Но понимать намеки — не входило в его методику. Он ласково улыбнулся и, не растерявшись, просто приветственно помахал своей повисшей в воздухе рукой.
Вечером (терять уже было нечего!) я снова читала Тоне вслух "Тараканище".
Бедные, бедные звери!
Плачут, рыдают, ревут...
В каждой берлоге и в каждой пещере
злого обжору клянут...
14. ДВЕНАДЦАТЫЙ ЧАС
А на другой день с утра, развернув газету, я увидела сообщение о деле врачей — убийц в белых халатах.
То, что последовало за этим, было до сих пор неслыханно на Колыме. Впервые на нашу дальнюю планету проникла эта отрава. До тех пор мы были в глазах начальства единым массивом. Нас терзали на основе полного национального равенства, не выделяя из общей мученической среды, так сказать, ни эллина, ни иудея. Даже космополитская кампания сорок девятого года прошла как-то стороной от нас. В это время нашему начальству было не до того: свои, специфические дела вытесняли эти, общесоюзные. И так все запарились с массовыми повторными арестами, с назначением ссылок и вечных поселений, с расширением числа комендатур... Да мало ли...
А о нашем обществе заключенных и ссыльных в этом плане и говорить было нечего. Ведь среди нас преобладали комсомольцы двадцатых и тридцатых годов, надежно законсервированные в идеях и категориях своей юности. Мы просто и понятия не имели о том, как за время нашего загробного существования здорово окрепла там, на материке, дружба народов.
Итак, в этом отношении Колыма позорно отставала. Только сейчас, в пятьдесят третьем, здесь спохватились и начали "регулировать национальный состав". Начальник сануправления Щербаков, — человек, безусловно, незлой и неглупый, — точно неожиданно сойдя с ума, метался по больничному двору, восклицая: "А Горин — не еврей? А Вальтер — не еврей? А кто здесь вообще евреи?"
— Хоть запрашивай из Германии справку о расовой чистоте, — мрачно острил Антон.
Шутка имела под собой некоторое реальное основание: через новых заключенных, прошедших плен, Антон узнал по каким-то каналам о судьбе своего брата, оказавшегося вместе с фольксдойче в Германии. Там его подвергли "расовому обследованию", после чего он получил справку, что в роду Вальтеров до пятого колена были все сплошные чистокровные тевтоны.
Но Антону тевтонство не помогло. С работы его тоже сняли. Правда, начальник отдела кадров Подушкин благосклонно выслушал сообщение Антона о том, что он не еврей.

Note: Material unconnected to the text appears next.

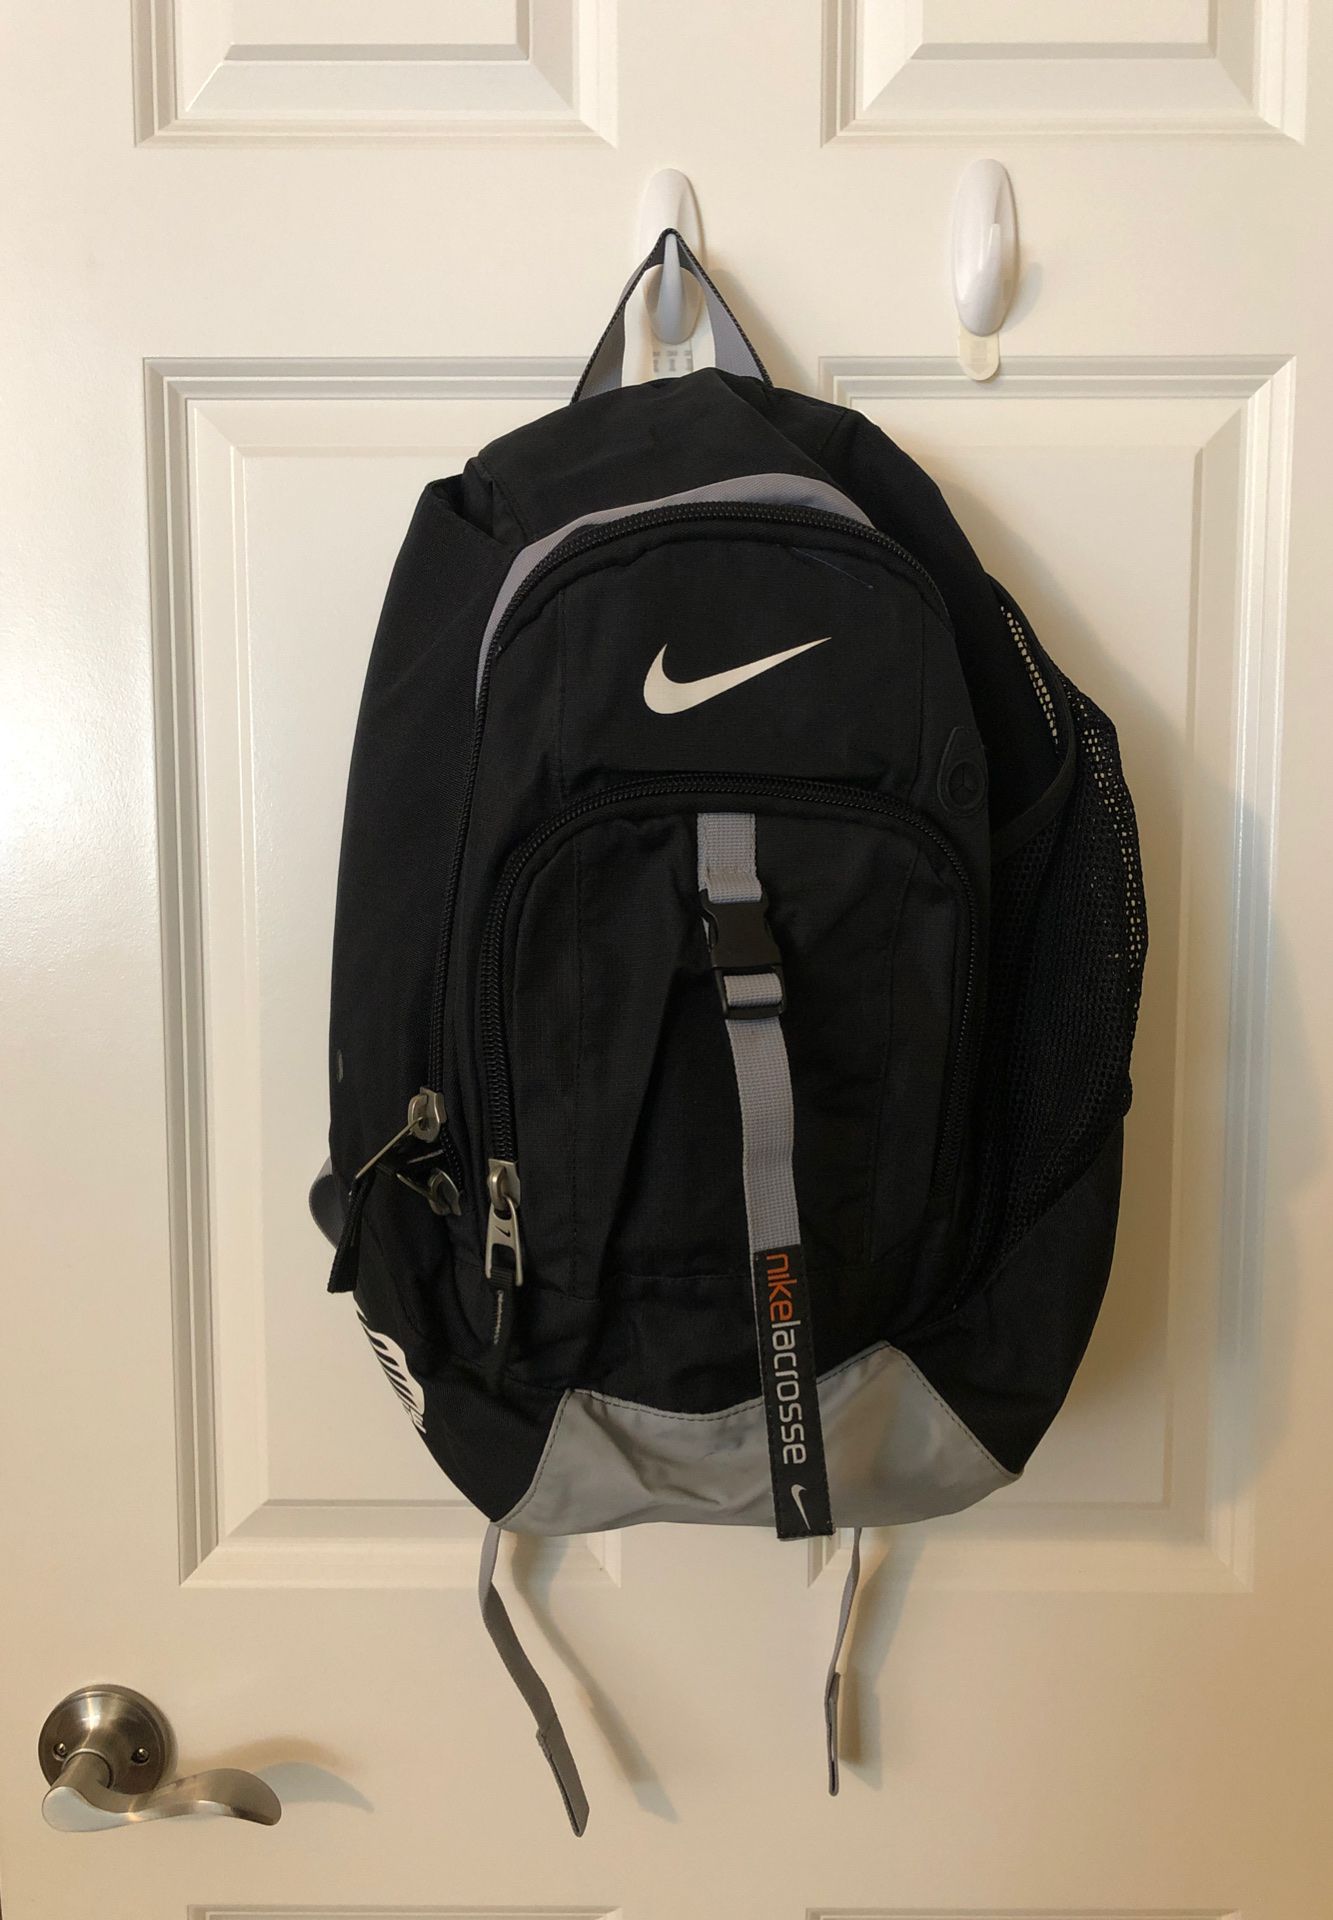 Nike Lacrosse Backpack

— Никто вас в ЭТОМ и не обвиняет, — беспристрастно отверг ложное ОБВИНЕНИЕ начальник. — Зато вас можно обвинить в другом...
И сделал несколько прозрачных намеков на манеру распускать язык, на участие в контрреволюционной болтовне. Конечно, смешно было надеяться, что наш друг Кривошей скроет от "белого дома" участие Антона в той беседе о творчестве Корнея Чуковского.
— Вот так-то, — заключил начальник кадров, — впрочем, увольняетесь вы по сокращению штатов.
Так или иначе, к началу февраля пятьдесят третьего года мы оба были безнадежно безработными. Для полноты картины и Тоню отчислили из детского сада.